Heat stress in dairy cows is often thought to occur only in arid or tropical regions of the world. This is a misconception. Dairy cows in areas with more temperate climates such as Europe and the coastal areas of Latin America and North America can also experience heat stress during the hottest and most humid times of the year66. Cows are known to become more resilient to heat stress if they are exposed regularly and for longer periods. This could mean that if cows in moderate climates are exposed to heat stress conditions for limited periods of time only, they may struggle to adapt more compared to cows living in tropical conditions72,73,74.

Dairy cows try to keep their body temperature at 38-39ºC (100-102ºF). Compared to monogastric species, dairy cows produce a lot of heat from metabolic processes. The thermoneutral zone of dairy cows depends on the relative humidity but is low compared to other species. A common way to quantify the risk of heat stress is the Temperature Humidity Index (THI, see figure 1).

This graph is based on data from Arizona, where the threshold for heat stress in dairy cows is a THI of 72. In moderate climates, this threshold can be as low as 6078. This clearly shows that even in countries with moderate climates, periods of heat stress in cattle can occur.

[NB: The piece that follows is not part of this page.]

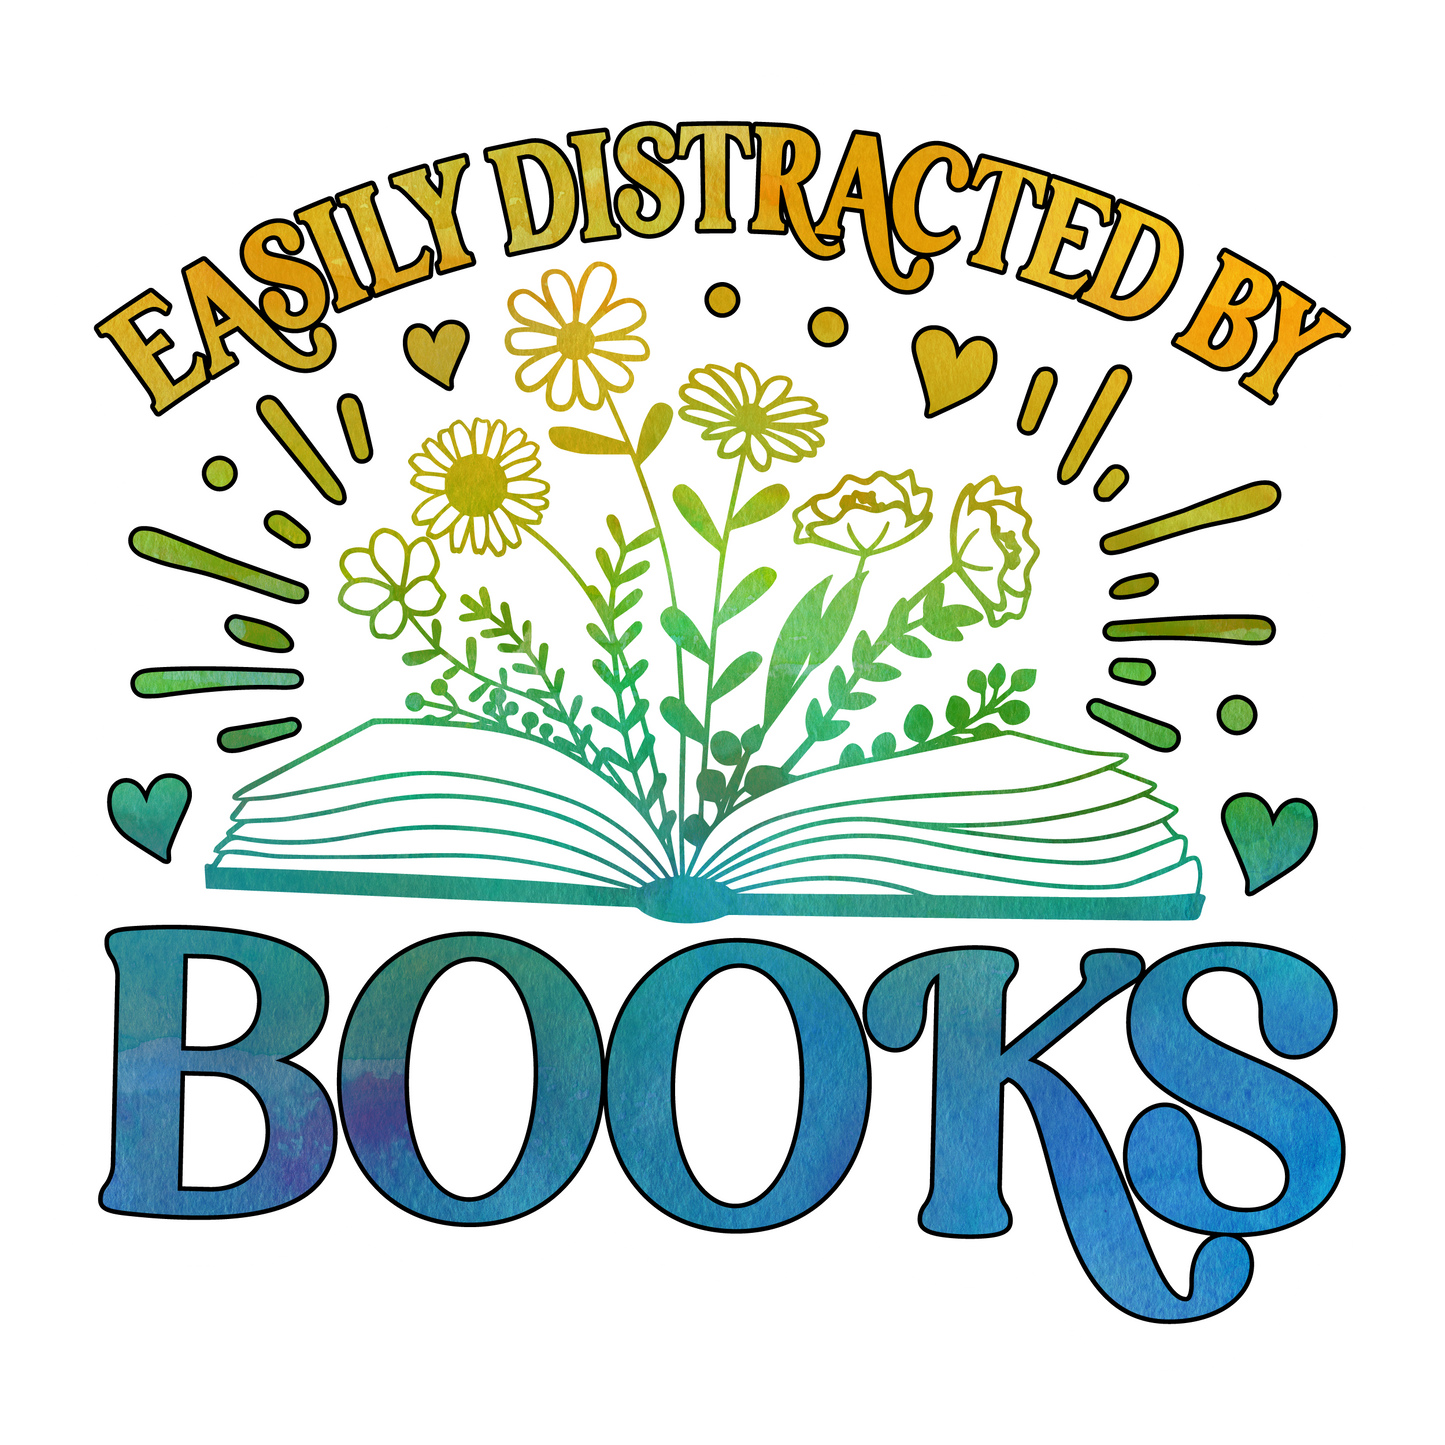 Stickers - Easily Distracted By Books Sticker, Book Lovers' Stickers
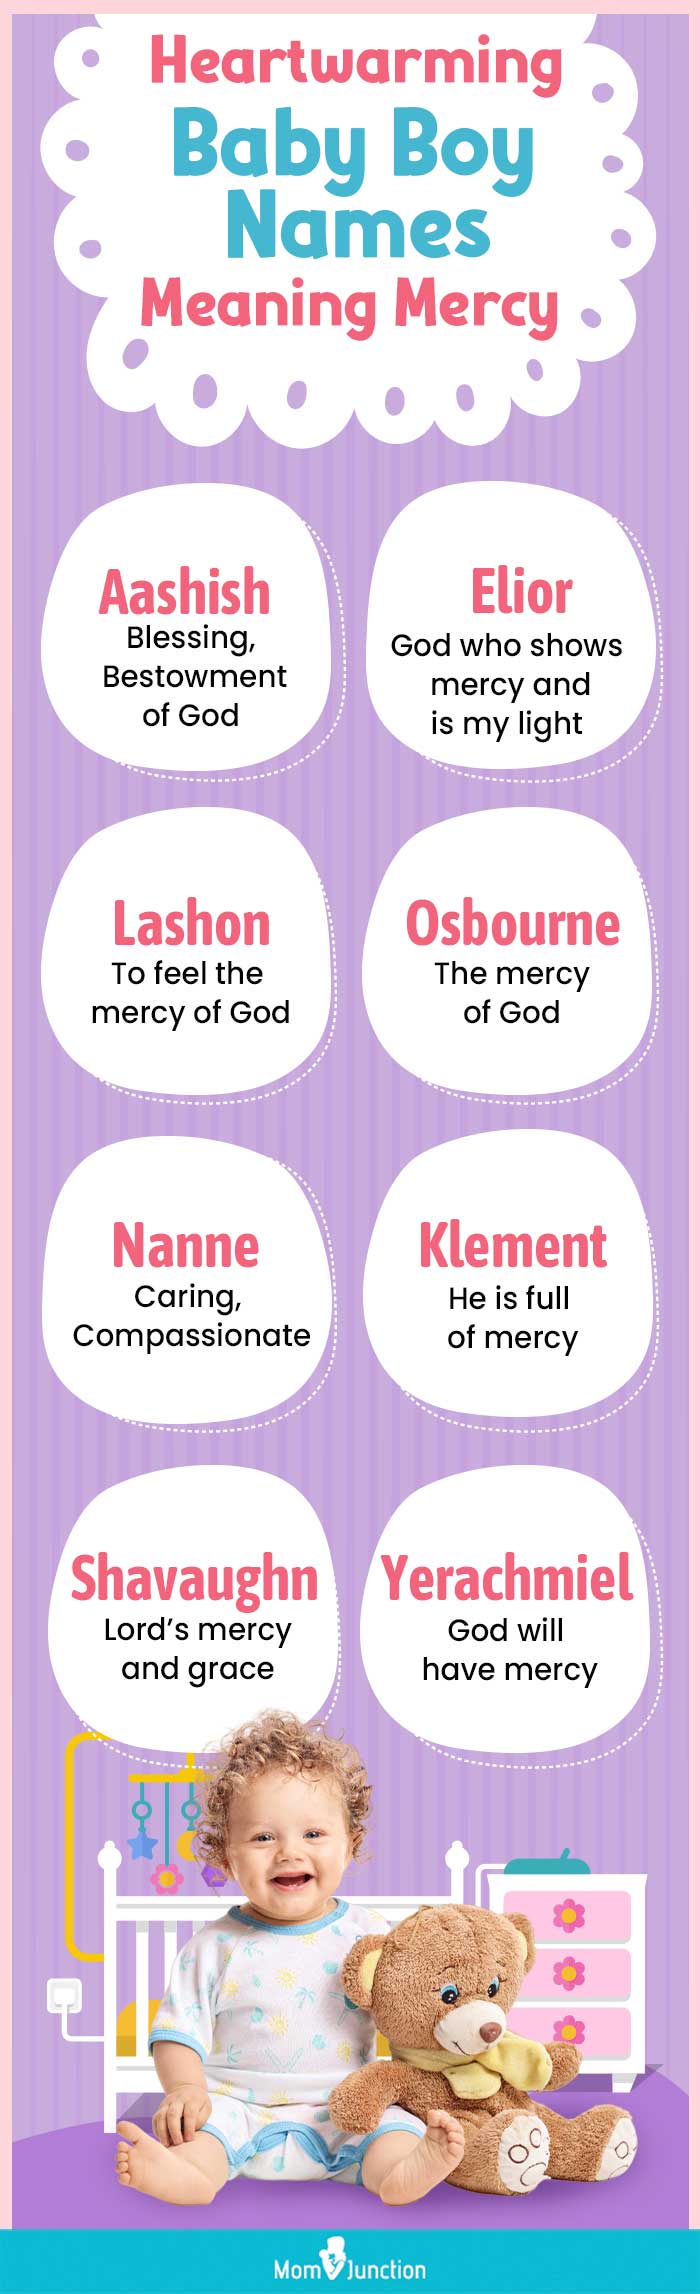 heartwarming baby boy names meaning mercy (infographic)

Dairy cows cool themselves by reducing dry matter intake (thus reducing heat production through rumen fermentation), by redirecting blood away from their organs into their skin and by increasing evaporation through sweating and through rapid breathing (“panting”). This has several consequences:

• A reduction in DMI reduces the intake of nutrients required for milk production
• Restriction of the intestinal blood flow has a negative effect on gut wall integrity, resulting in “leaky gut”69
• Due to panting, blood levels of CO2 decrease and blood pH increases, resulting in respiratory alkalosis. To reduce the pH, the cow will excrete HCO3- in her urine. This results in a reduction of buffering capacity of the rumen, increasing the risk of rumen acidosis. This effect on rumen acidosis is exacerbated by cows drooling and losing saliva

“Leaky gut” and rumen acidosis result in systemic immune activation and inflammation, which has a negative impact on milk production. The reduced supply of nutrients to the udder results in a further decrease of milk production74, see Figure 2.

Next to that, heat stress in dairy cows has a negative impact on cow fertility68 for a number of reasons:

• Systemic immune activation reduces fertility
• An increased body temperature as a result of heat stress has a negative effect on the quality of oocysts, embryonic growth, gonadotropin secretion, ovarian follicular growth steroidogenesis, development of the corpus luteum, and uterine endometrial responses67
• Dairy cows in heat stress do not express signs of heat due to lethargy because they want to reduce activity to the absolute minimum

Clinical signs of heat stress are:

• Panting
• Drooling
• Milk leakage
• A drop in milk production
• Standing up for long periods of time

Apart from a drop in milk production and a reduction of fertility, heat stress in dairy cows has a number of other negative effects. Heat stress increases the risk to develop mastitis80, if all cows in a herd group together in shaded areas of fields, the ground soon gets poached and contaminated with mastitis pathogens, which increases the risk of environmental mastitis. Similar effects can be seen in housed dairy cattle if they congregate and lie in inappropriate places.

There is also a higher percentage of lameness, as an increase of the THI results in an increase of standing time and a decrease of resting time75,

Heat stress results in an increase of mortality76. Lastly, in dry cows, heat stress results in a lower birth weight of calves and a reduced milk yield in the next lactation70,79.

Production parameters may already change before any clinical signs of heat stress become visible. It usually takes 24-48 hours before heat stress results in a drop of milk production. Milk composition changes at an earlier stage and may thus be a better indicator for early diagnosis of heat stress66.

Managing heat stress in dairy cows requires a holistic approach 66,70

• Using fans to cool the animals, with or without cooling the air by adding water
• Wetting the cows with sprinklers
• Water consumption increases 1.2 kg/day per 1°C rise in environmental temperature77, therefore, ample water points should be available across the enclosures or pasture to ensure all cows can drink when they want to
• Cooling the drinking water to 10 °C
• Provision of shade accessible to all the cows
• Optimise quality of the flooring, to reduce the risk of lameness when cows are standing for longer periods of time
• Timing of feeding, provide fresh feed during the cooler periods of the day
• Reformulation of the diets in favor of glucogenic energy
• Cooling at the feed bunk
• Supplementation with feed additives that normalise rumen pH and reduce systemic immune activation71
• Reducing the risk of hindgut acidosis with prebiotics

Ideally, the heat stress programme should be implemented about three weeks before the cows become affected by heat stress to give them enough time to adjust to the changes.